To do:
Print, with no pictures, the exact lines that run from the one containing "L'Annalistique romaine. Tome" through the last line of the material below, both ends included.

Data shown:
# # # #

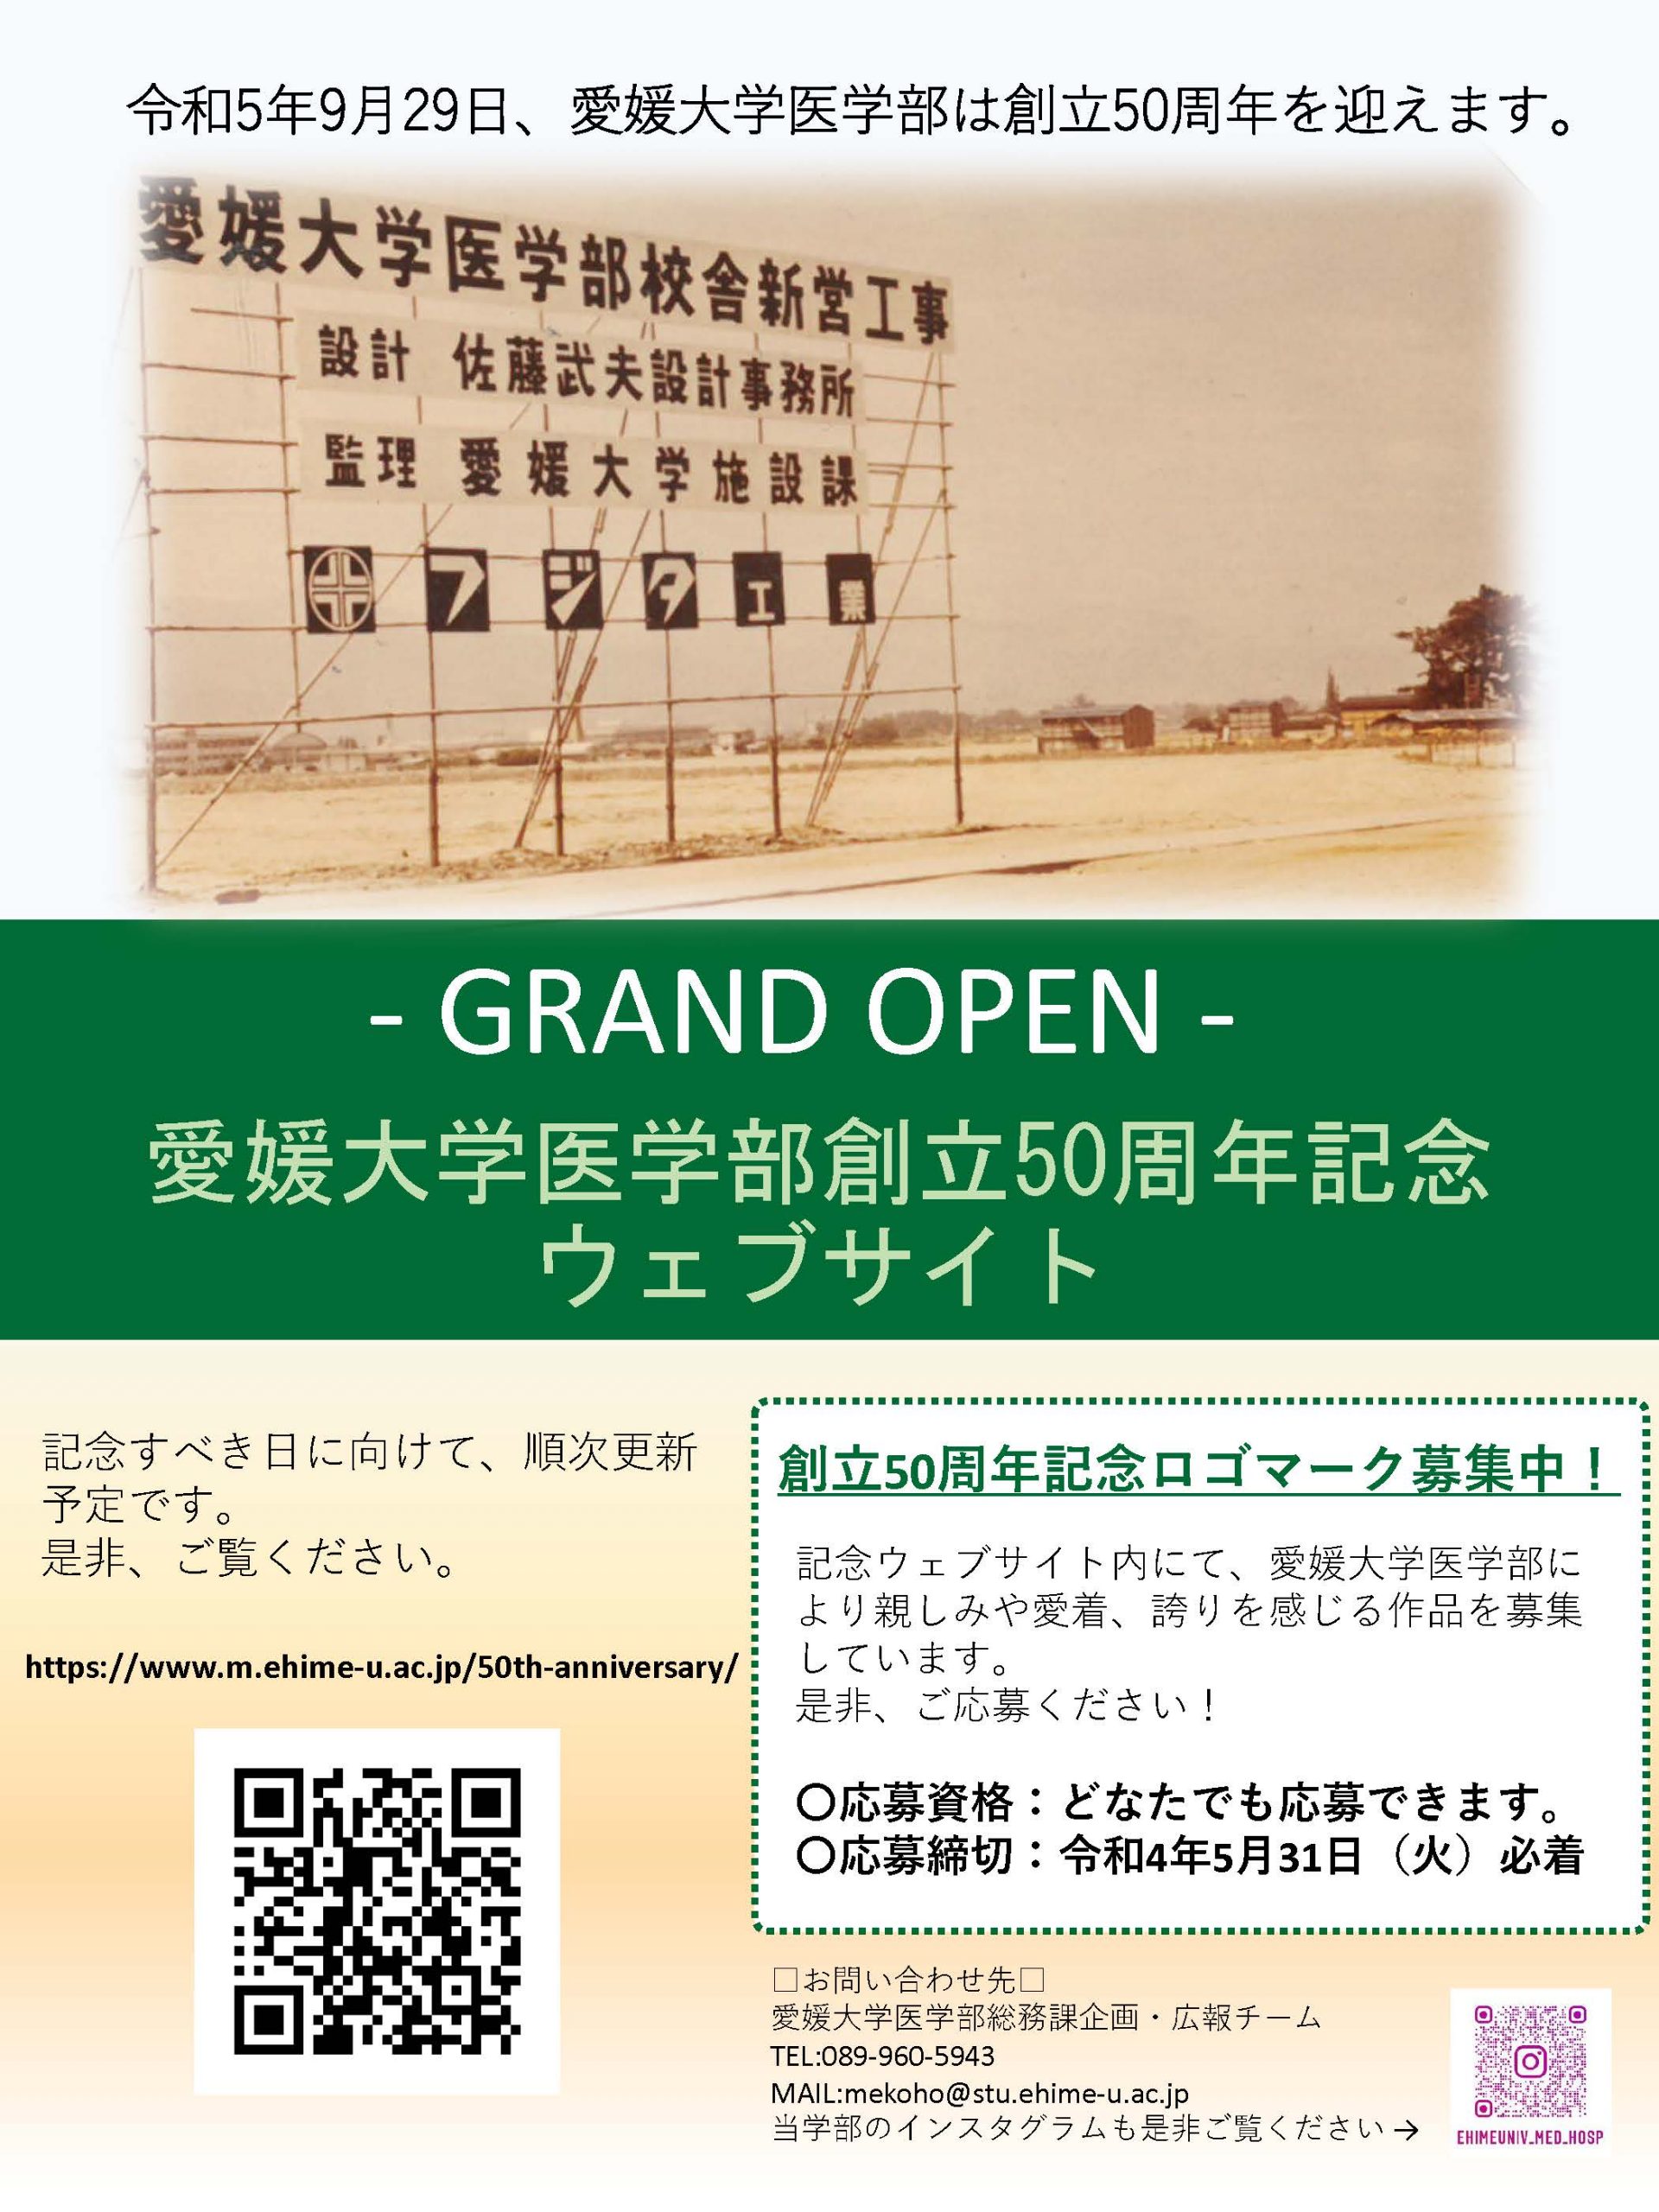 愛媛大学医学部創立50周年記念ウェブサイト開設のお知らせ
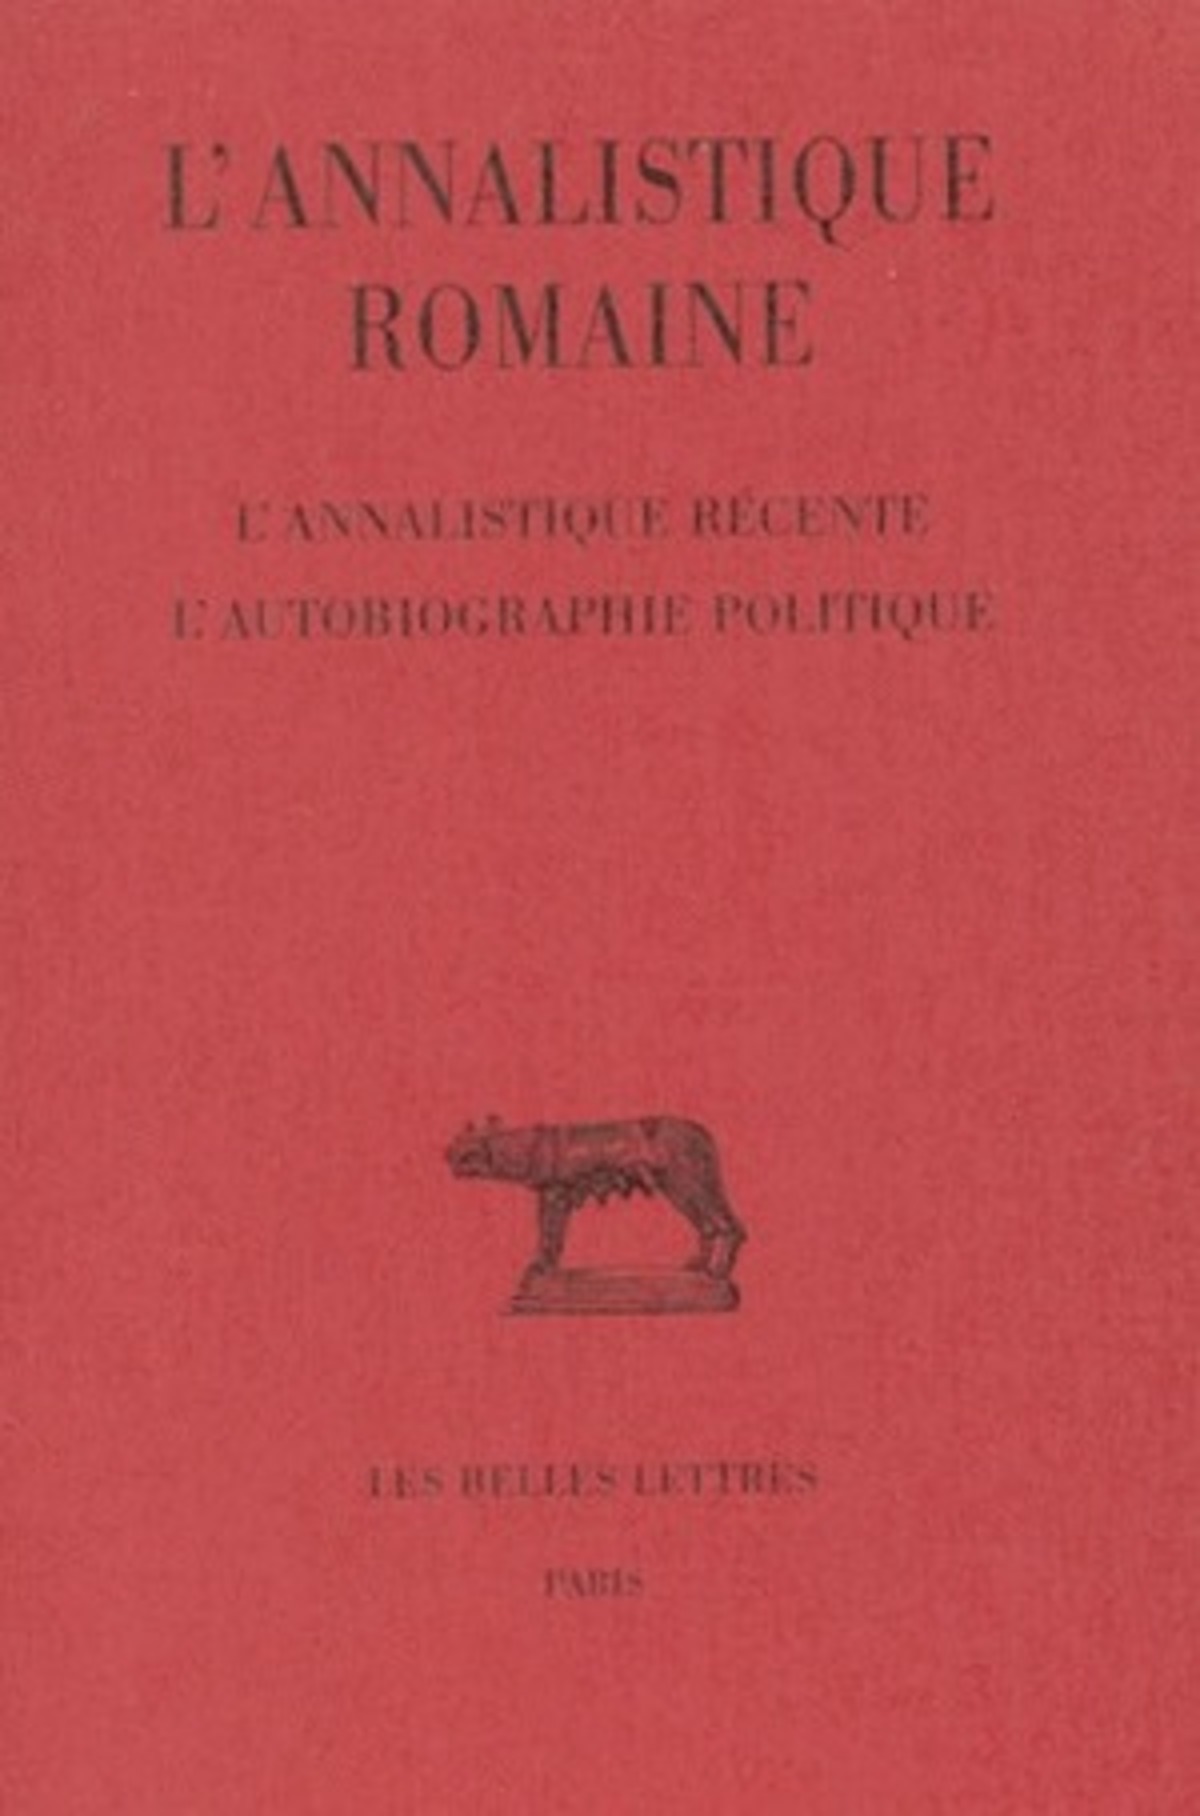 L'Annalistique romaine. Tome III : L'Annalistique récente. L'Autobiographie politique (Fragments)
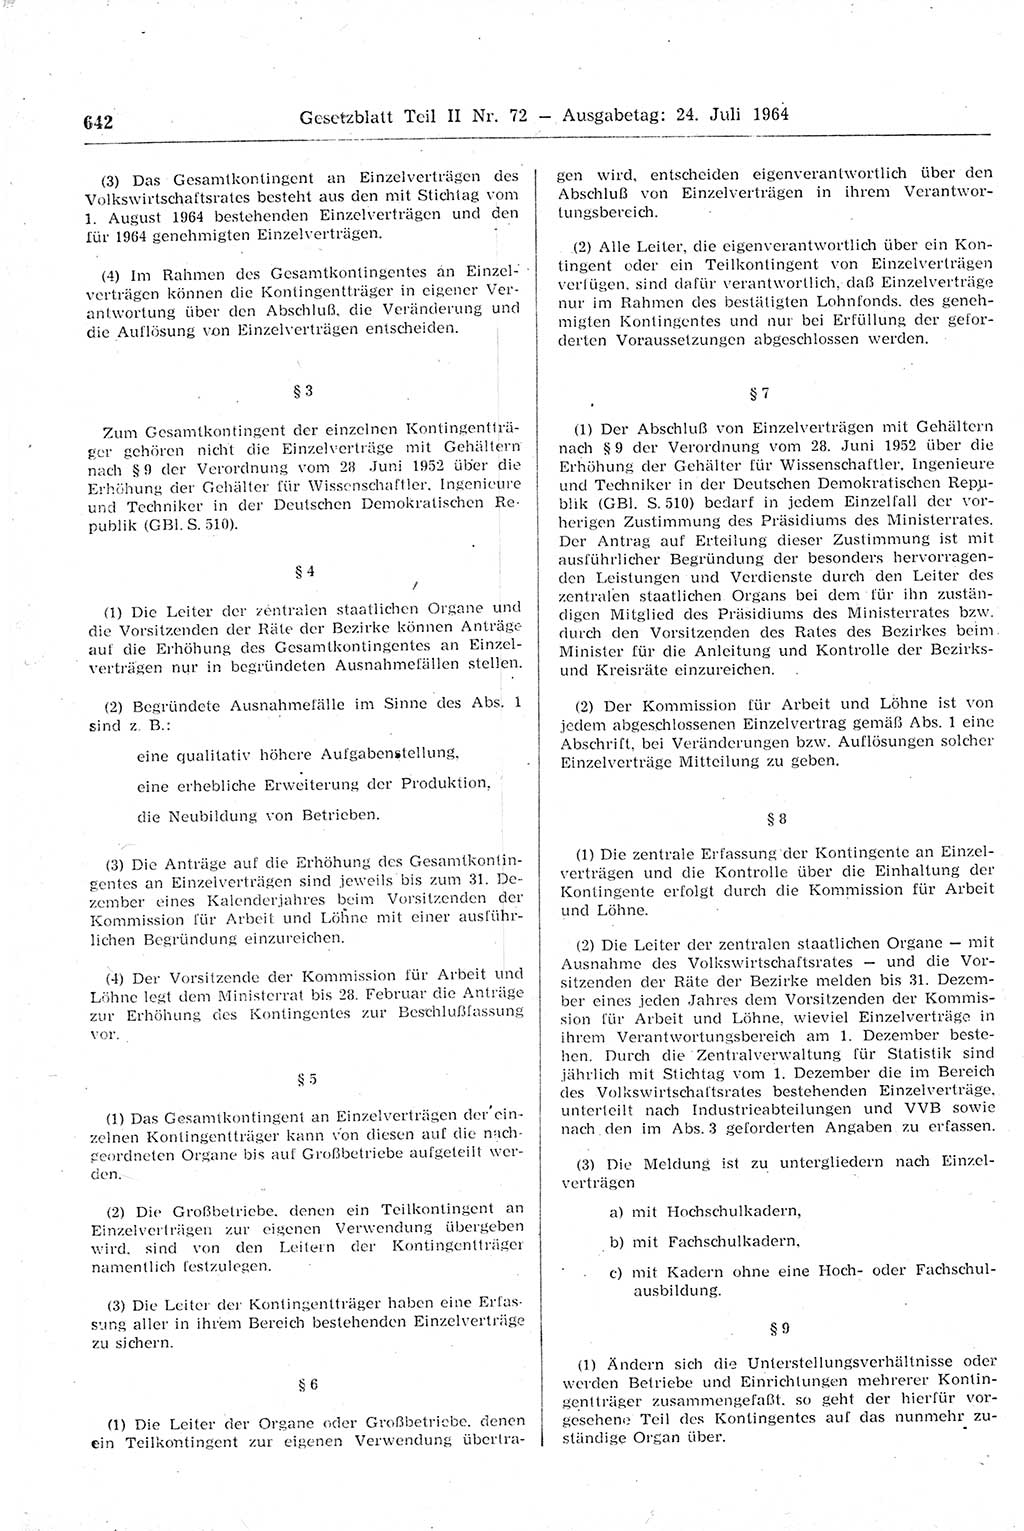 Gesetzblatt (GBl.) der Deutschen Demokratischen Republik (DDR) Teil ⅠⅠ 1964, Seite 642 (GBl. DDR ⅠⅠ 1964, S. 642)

# # # #

Completed exercise:
 L'Annalistique romaine. Tome III : L'Annalistique récente. L'Autobiographie politique (Fragments)
 Gesetzblatt (GBl.) der Deutschen Demokratischen Republik (DDR) Teil ⅠⅠ 1964, Seite 642 (GBl. DDR ⅠⅠ 1964, S. 642)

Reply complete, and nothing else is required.